Vanguard just convened its 2014 Investment Symposium atop 60 State Street. In the #1 spot with over $3 trillion in investment assets and growing more rapidly than its competitors, Vanguard always gets our attention. Amid a roomful of investment professionals, Max and I listen carefully as Vanguard presented “Three things to see that others don’t.”
Underperformance matters more than outperformance, according to Vanguard. In other words, the harm of not getting market returns is much more important than the benefit of beating the market. That one or two percent that you may miss each year by chasing hot stocks or market timing can derail your efforts to meet long-term goals. How does Vanguard know? Through research. See chart below:
Danger in disguise
Big, well-known, highly reputable experts publish ratings that pick “winning” funds based on what looks like reasonable standards. Millions of investors trust these ratings as they choose investments. Unfortunately, the ratings have little to no predictive value. They describe what a fund has done in the past, not what it will do in the future. Again, the facts tell the story…but most investors never get the complete facts. As a result money flows into 5 star funds that then start performing like 1 or 2 star funds.

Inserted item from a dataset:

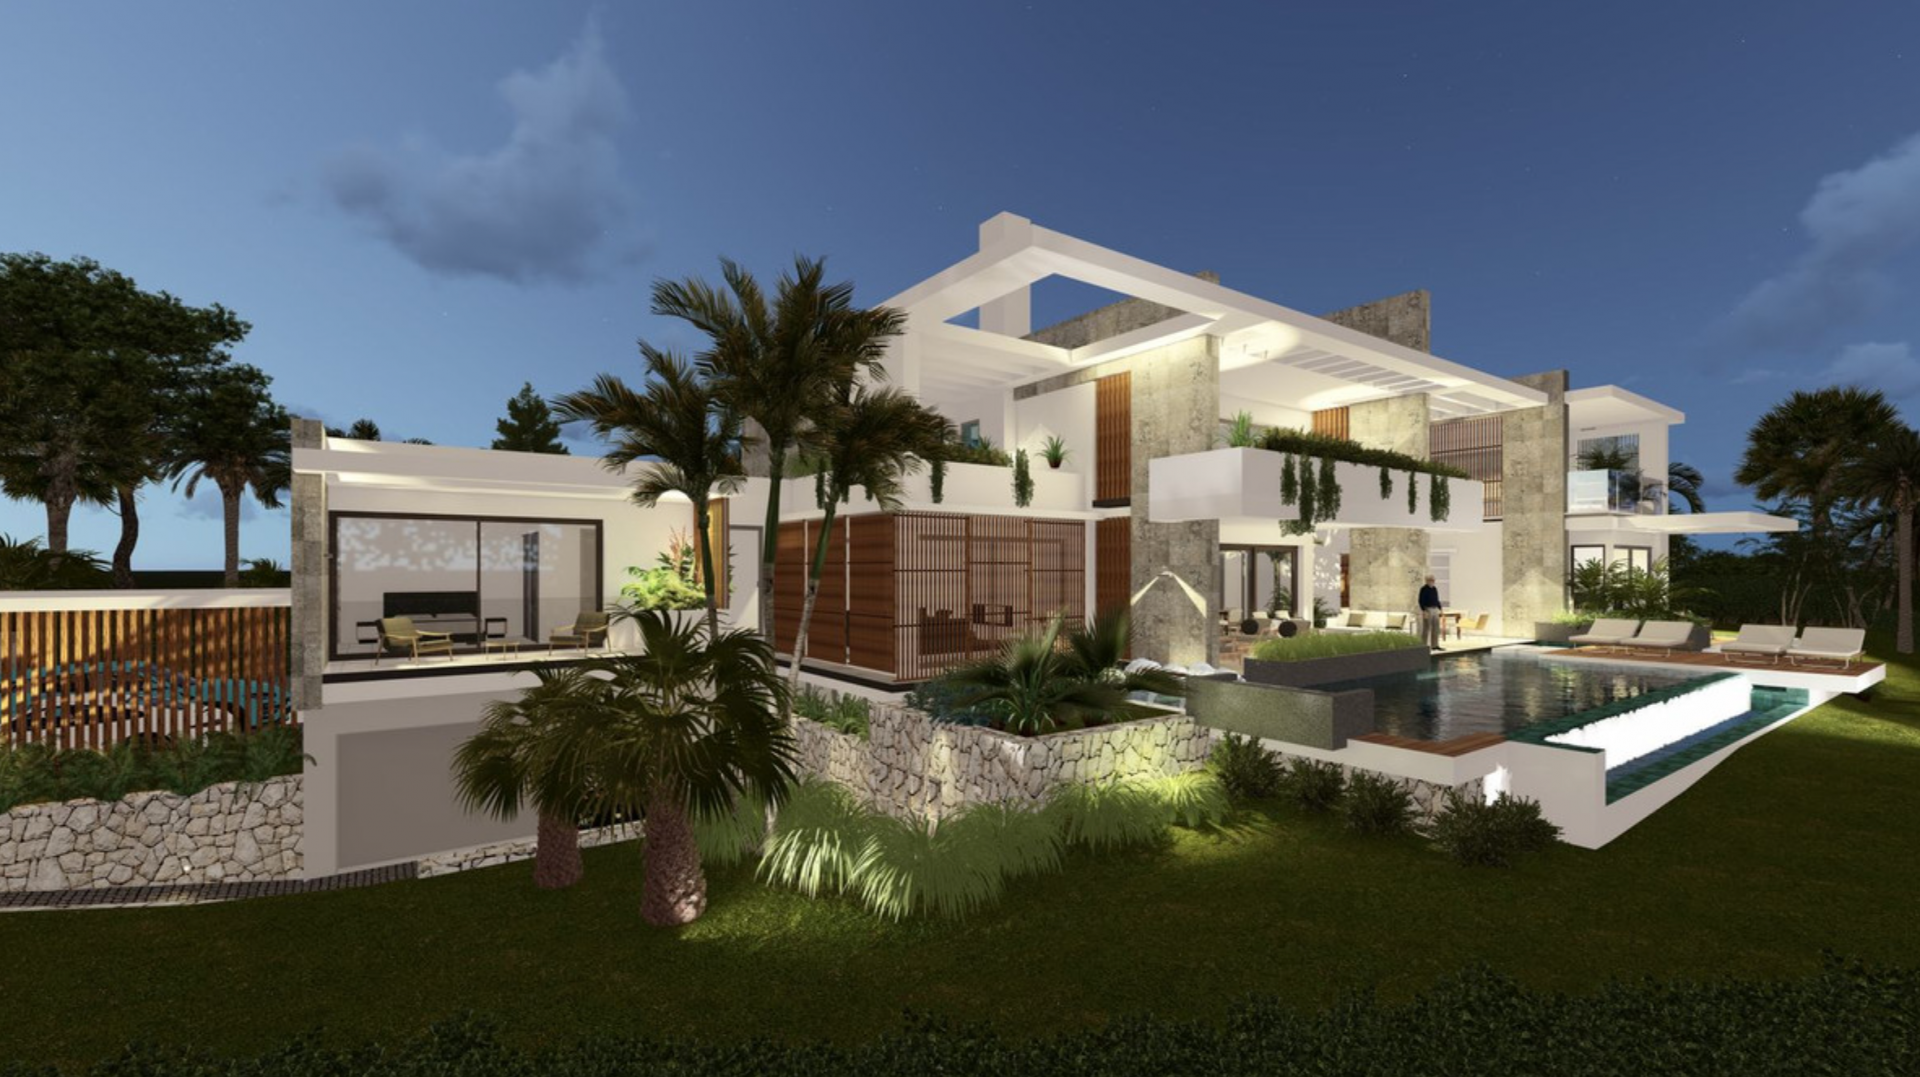 Plot in Guadalmina Baja with project & license, ready to build a luxury villa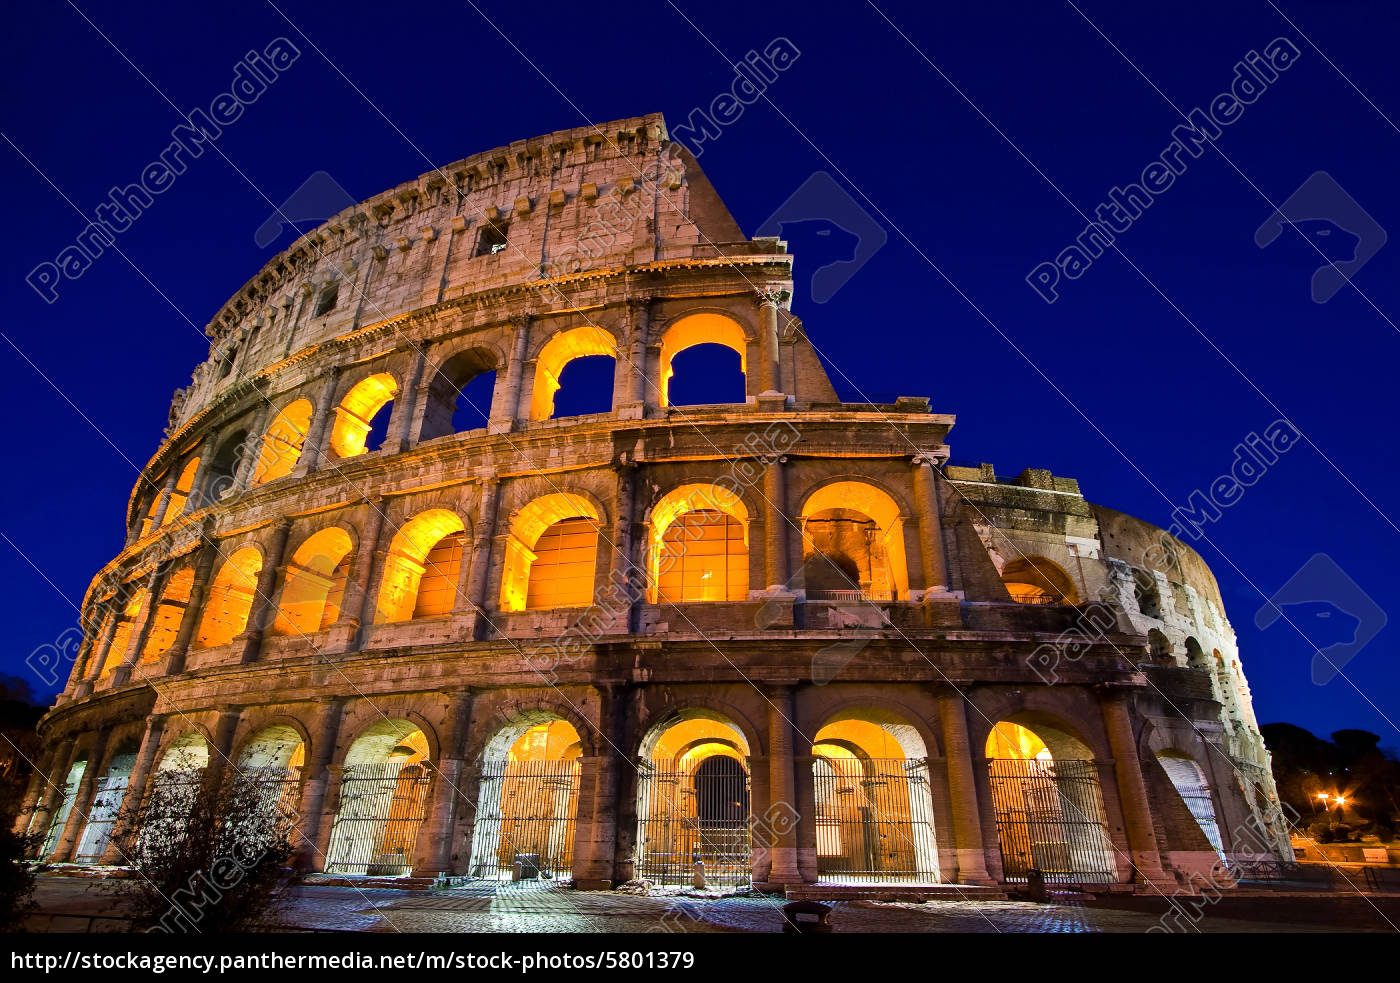 Colosseum Rome Italy Night Royalty Free Image Panthermedia Stock Agency

Highest rated, worst performing Morningstar funds
Are you TWA?
In order for investors to succeed they must have the “time, willingness and ability” to manage an investment portfolio. And you need all three, not just one. Does this sound like you? If so, Vanguard and others provide valuable information and products to assist you. If not, definitely use an investment professional. Here’s the three percent annual return that an impartial, cost conscious and attentive professional can help you earn:
Quantification of Vanguard Advisor’s Alpha
Vanguard makes it clear
Investing has long been viewed as a race to the top where the smartest, bravest and shrewdest investor wins. What Vanguard has revealed over the last 30 years, both through the performance of its index funds and messages like we heard at its symposium, is that most of the behaviors an investor might adopt in that effort will be counterproductive. The harder most investors race, the faster they fall behind.
By focusing on cost control, accepting the riches of market level returns, ignoring most of the noise coming out of Wall Street, and having the humility to utilize professional guidance, investors can win the only race that matters – reaching long-term personal financial goals. We thank Vanguard for reminding us of this at every available opportunity.